Australian, Japanese and South Korean shares slumped. Equity-index futures for the S&P 500 and the tech-heavy Nasdaq 100 slipped in early Asian trading, extending a decline on Monday as Wall Street tempered bullish views while demand for recession havens boosted sovereign bonds. Treasuries advanced while a gauge of the dollar slipped.
Market sentiment is turning downbeat as investors become increasingly concerned about US economic growth stalling after President Donald Trump kicked off a tariff war and continued to cut spending while shaking up decades-old geopolitical relationships. That’s a remarkable shift in mood less than two months into Trump’s presidency, which was once welcomed on Wall Street sending stocks, Bitcoin and the dollar higher.

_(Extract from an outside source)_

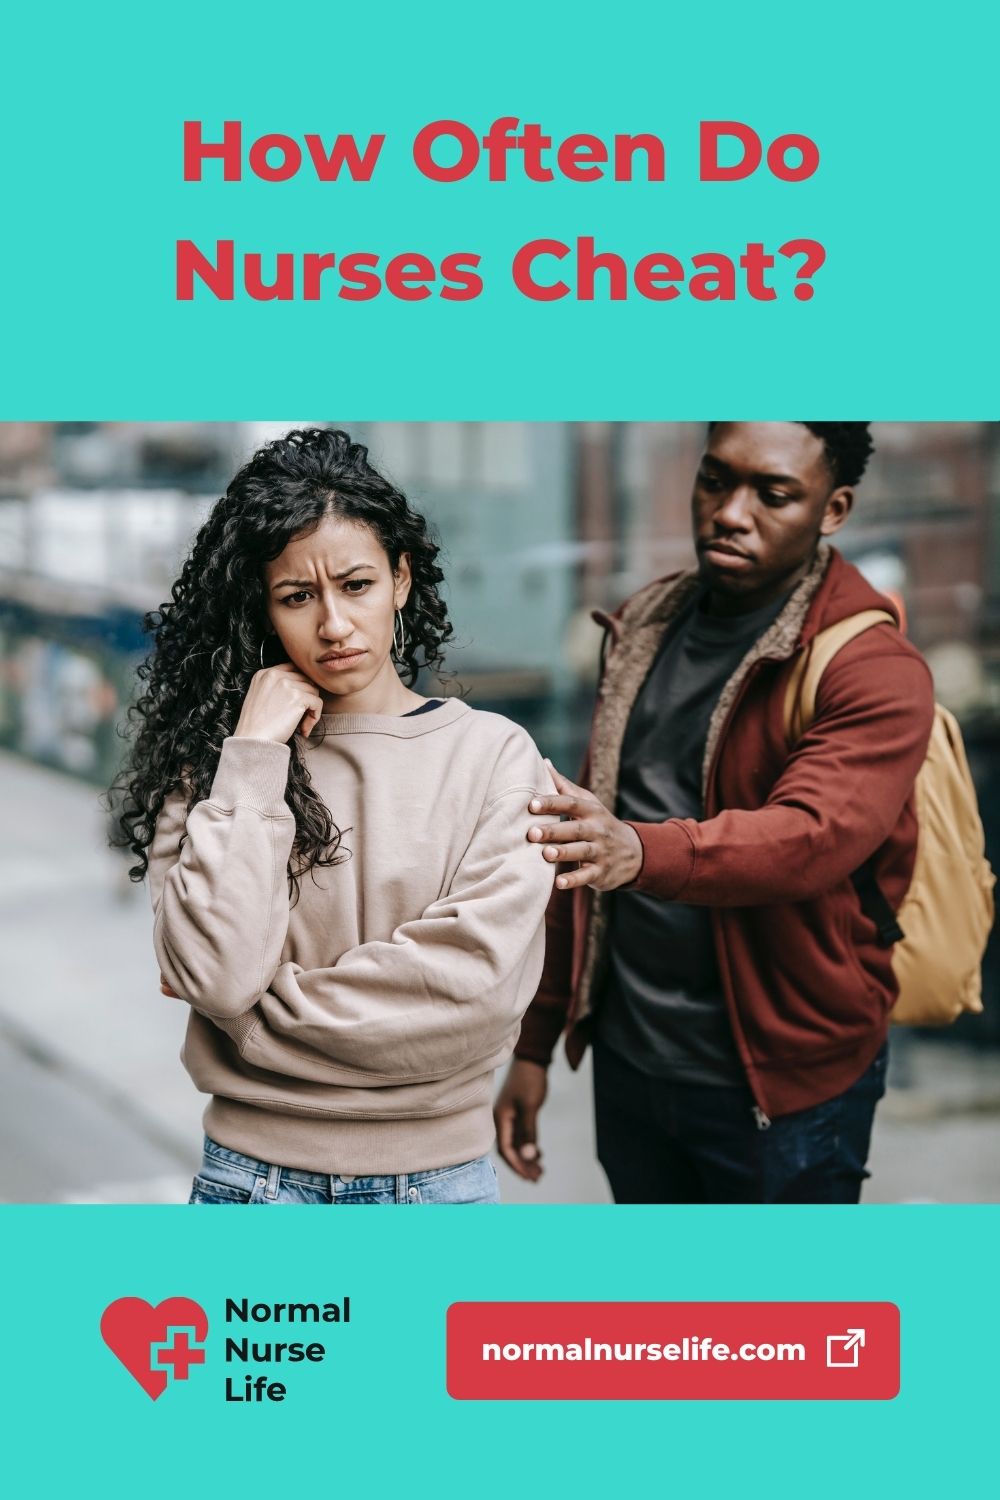 How often do nurses cheat at work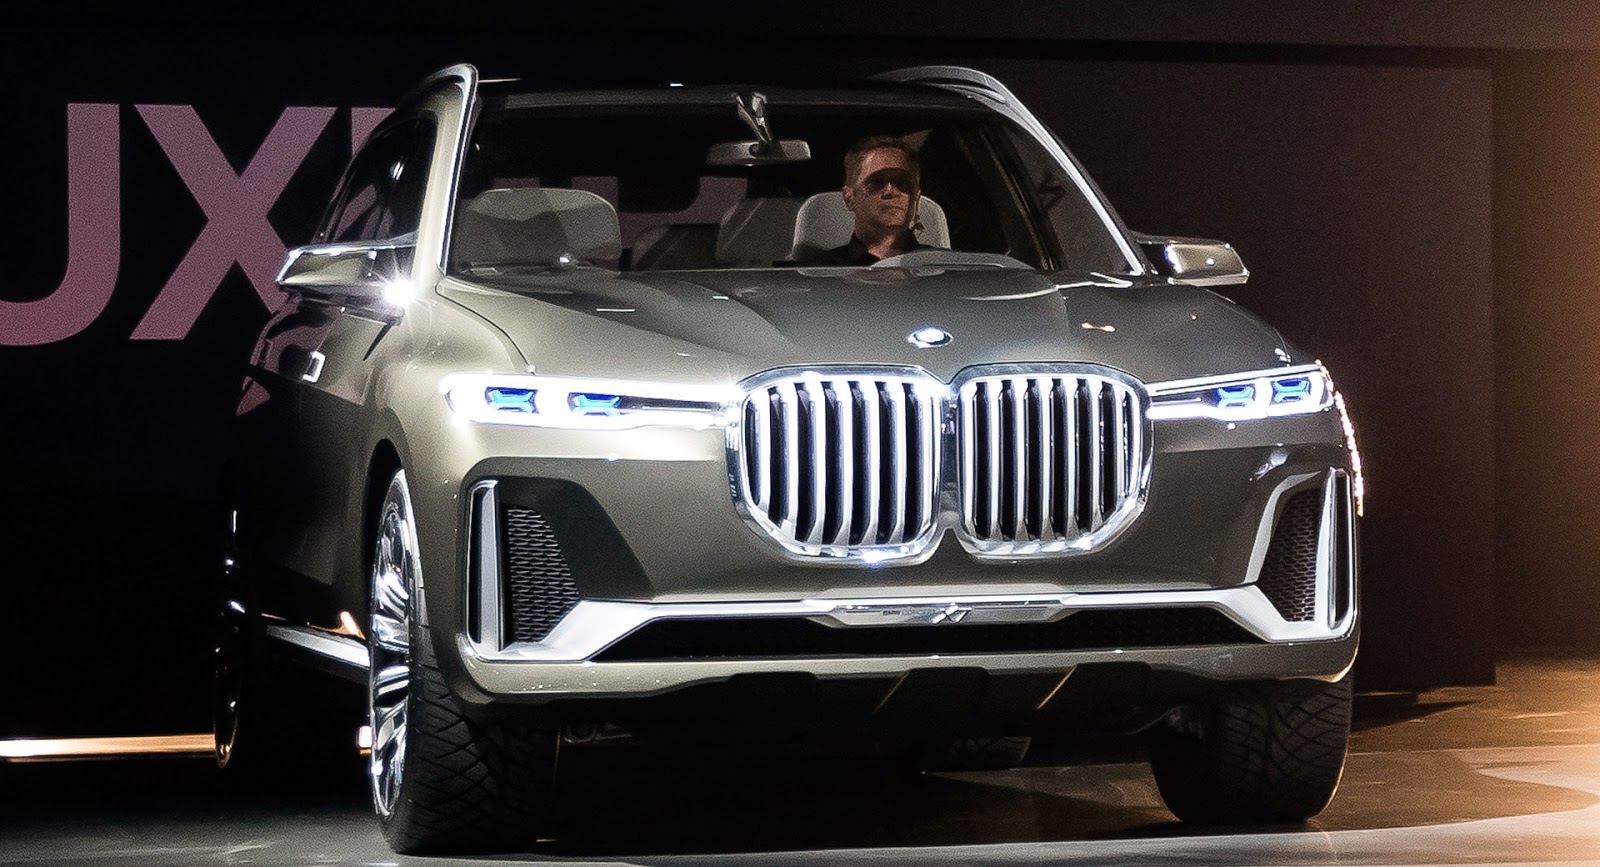 W Detroit zabrakło studyjnego modelu BMW X7

“We’ve gone from animal spirits to what are the odds of a recession,” said Gina Bolvin, president of Bolvin Wealth Management Group. “This is a headline-driven market; one that could change in an hour. Sit tight. Buckle up. We finally have the correction we were waiting for, and long-term investors will be rewarded again.”
Despite the global risk-off mood, mainland Chinese investors bought an unprecedented amount of Hong Kong stocks on Monday, continuing to boost their holdings amid a tech-driven rally this year. The stocks have been on a tear this year, thanks to the emergence of an artificial-intelligence model from startup DeepSeek that was considered a game-changer in the industry.
In the US Monday, the S&P 500 dropped 2.7 per cent. The Nasdaq 100 lost 3.8 per cent. In the megacap space, Tesla Inc. sank 15 per cent while Nvidia Corp. drove a closely watched gauge of chipmakers to the lowest since April.
The yield on 10-year Treasuries slid nine basis points to 4.21 per cent on Monday on bets that an economic slowdown would force the Federal Reserve to slash interest rates.. The dollar rose 0.2 per cent. About 10 high-grade companies delayed US bond sales on Monday. Oil fell to a six-month low.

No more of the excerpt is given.